**DATASET SECTION:**
━━━━━━━━━━━━━━━━━━━━

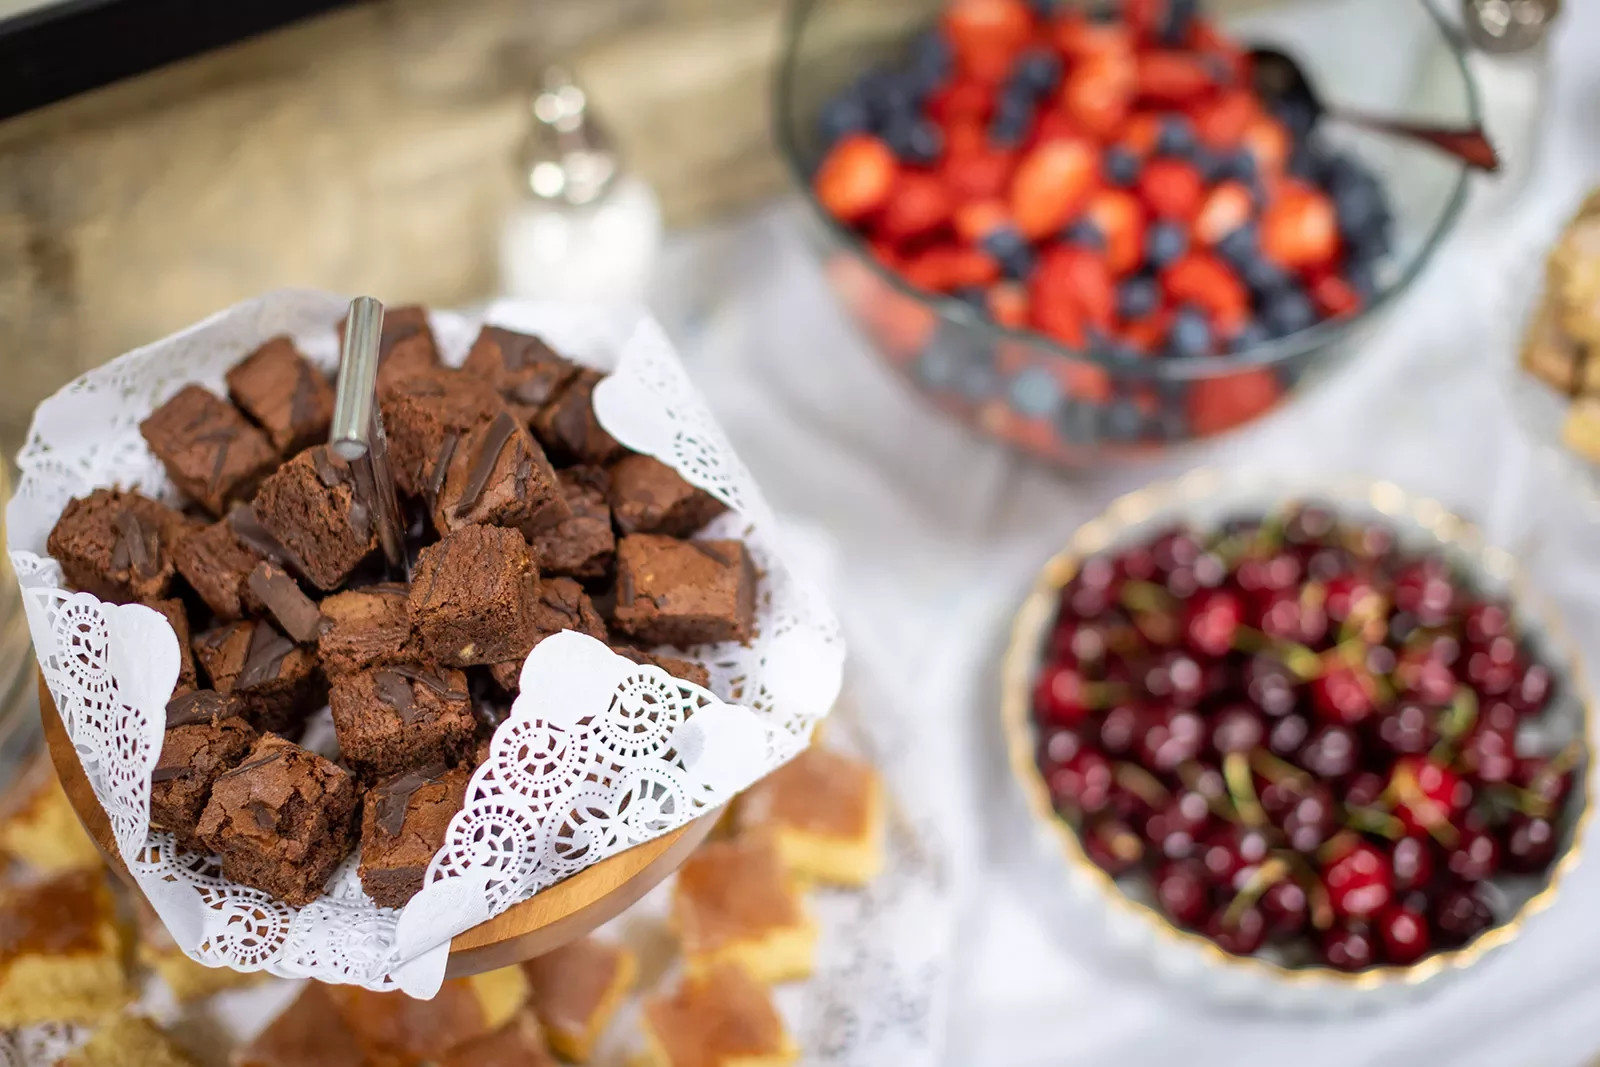 Display of fruit, berries and small brownie bites.
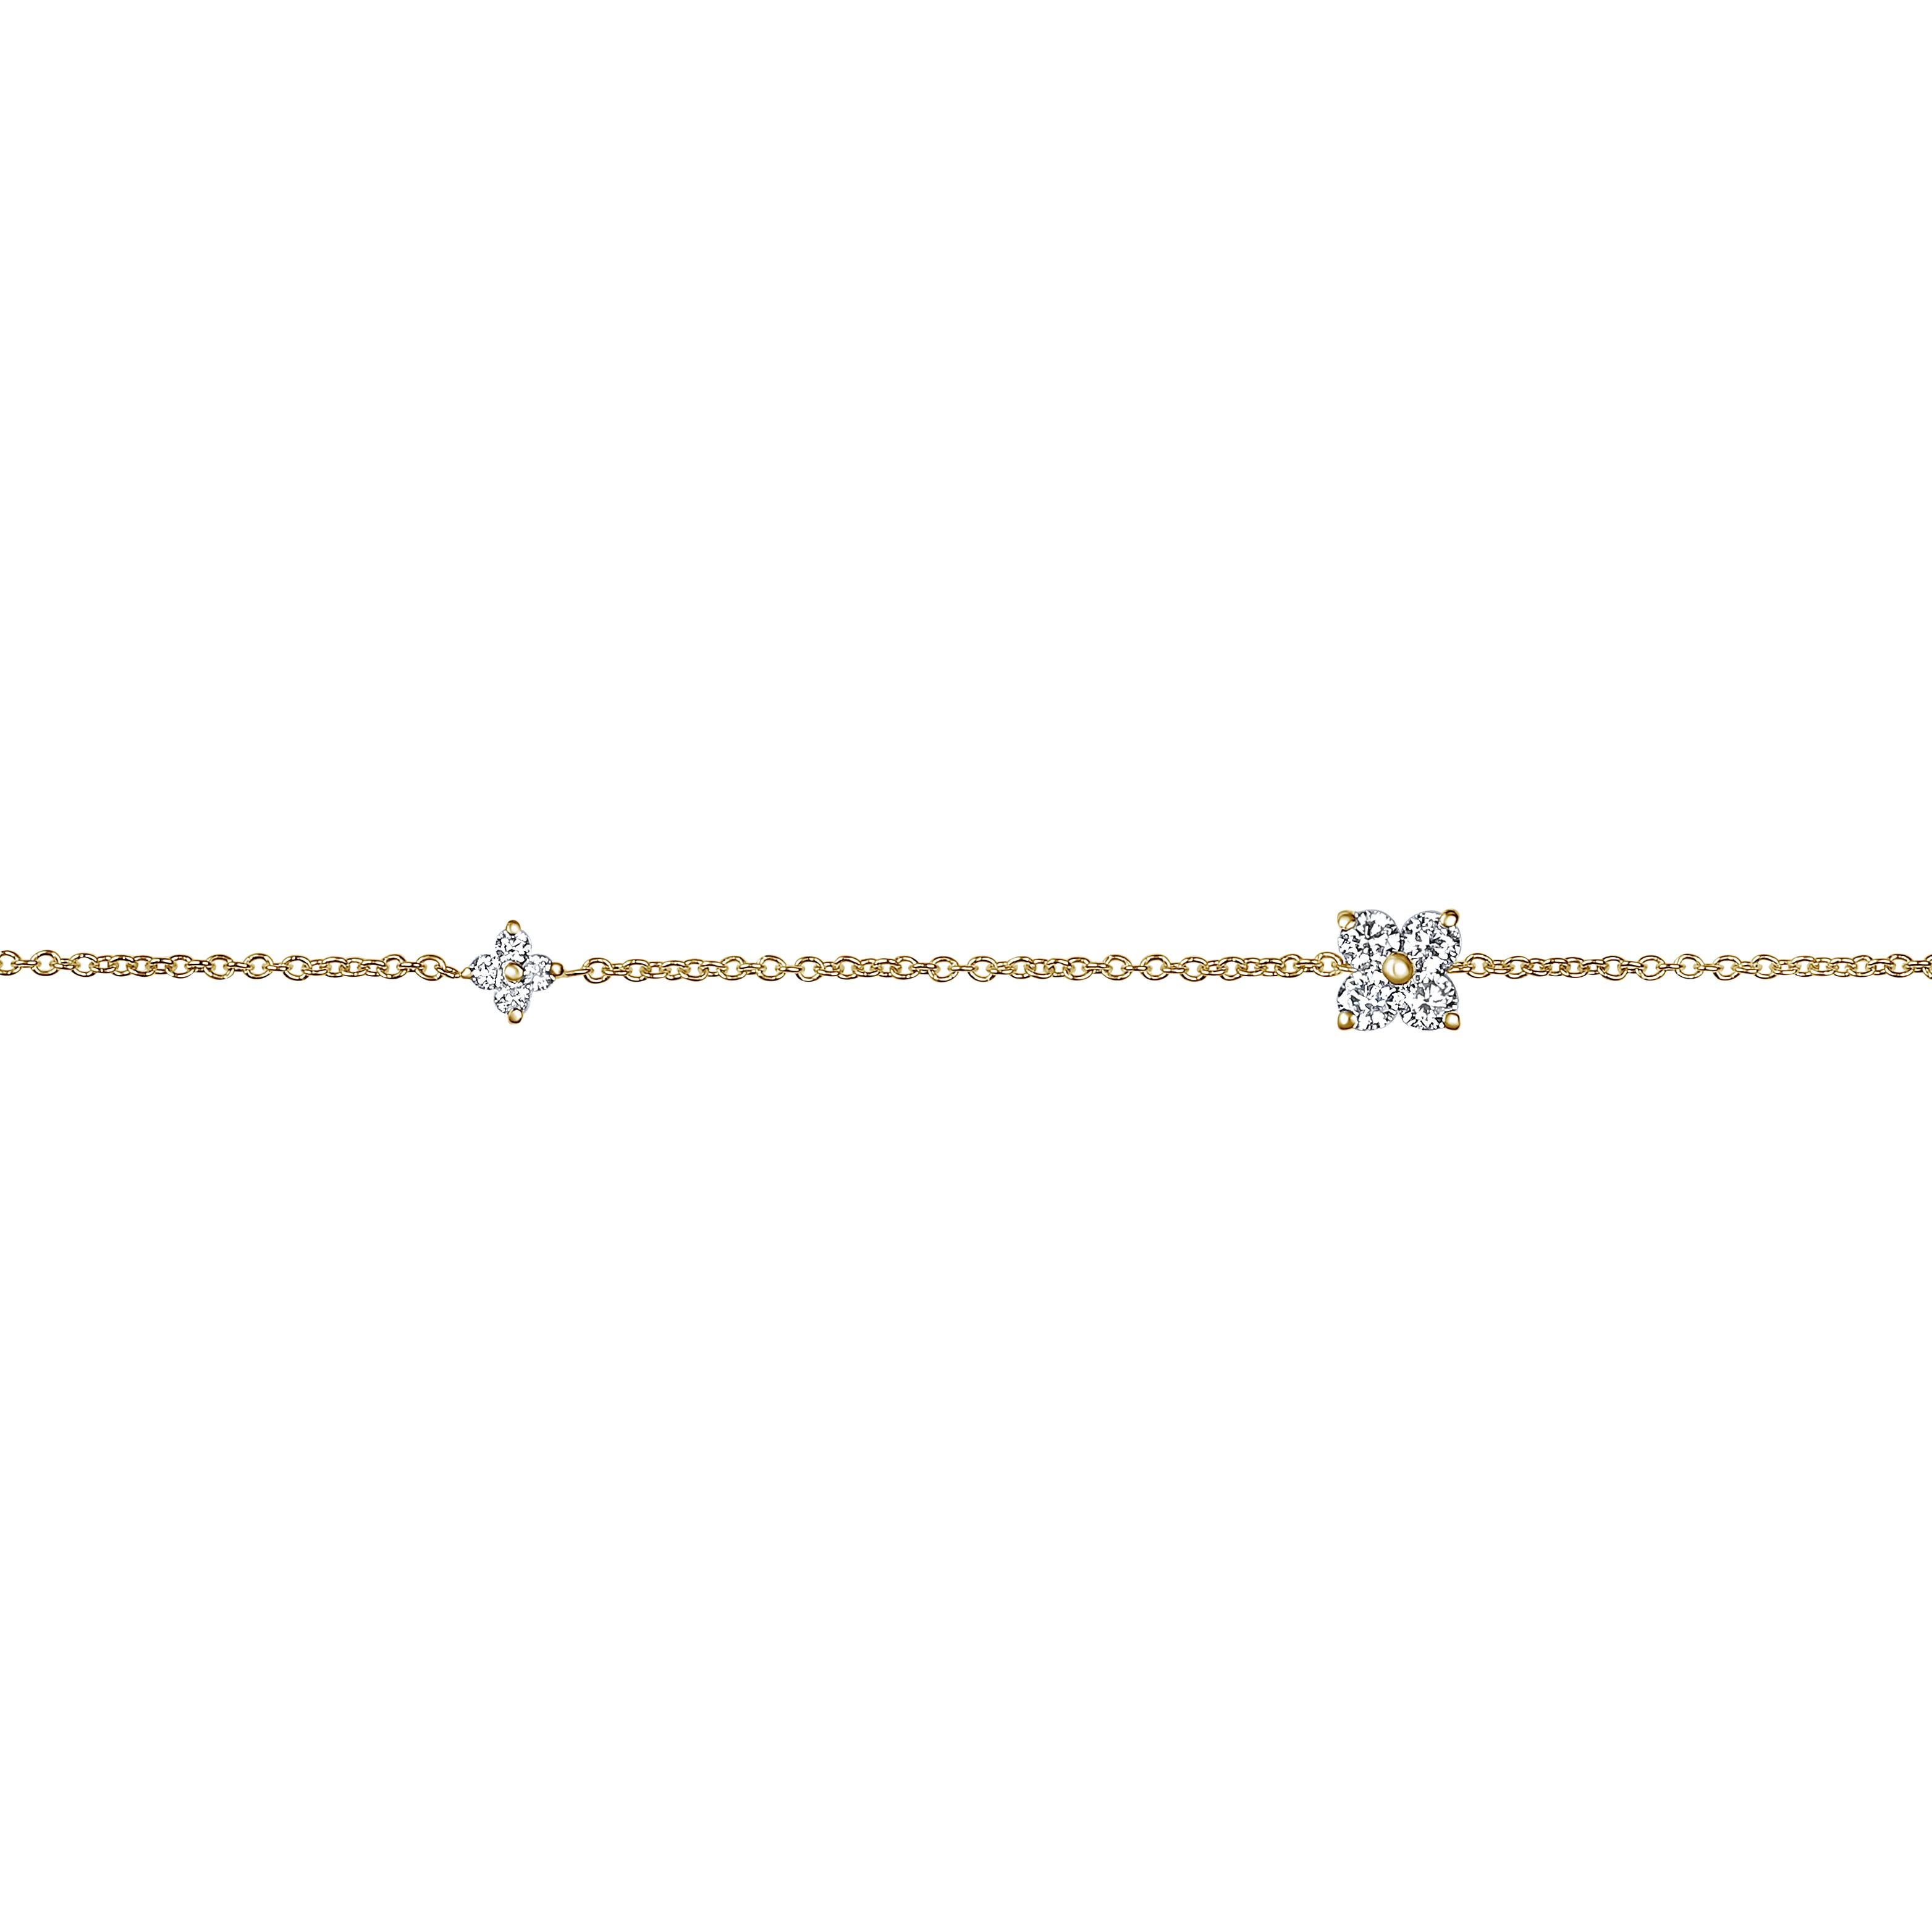 0.24 Carat Diamond Flower Petal Bracelet in 14 Karat Yellow Gold, Shlomit Rogel

Beautiful sparkle meets a wonderfully elegant design in this dainty chain bracelet. Crafted from 14k solid yellow gold, the bracelet features a diamond flower at the

━━━━━━━━━━━━━━━━━━━━

**WHAT THE EXERCISE ASKS:** Exactly as they appear above, print all the lines, but not the pictures.

**EXPECTED ANSWER:**
 Display of fruit, berries and small brownie bites.
 0.24 Carat Diamond Flower Petal Bracelet in 14 Karat Yellow Gold, Shlomit Rogel

Beautiful sparkle meets a wonderfully elegant design in this dainty chain bracelet. Crafted from 14k solid yellow gold, the bracelet features a diamond flower at the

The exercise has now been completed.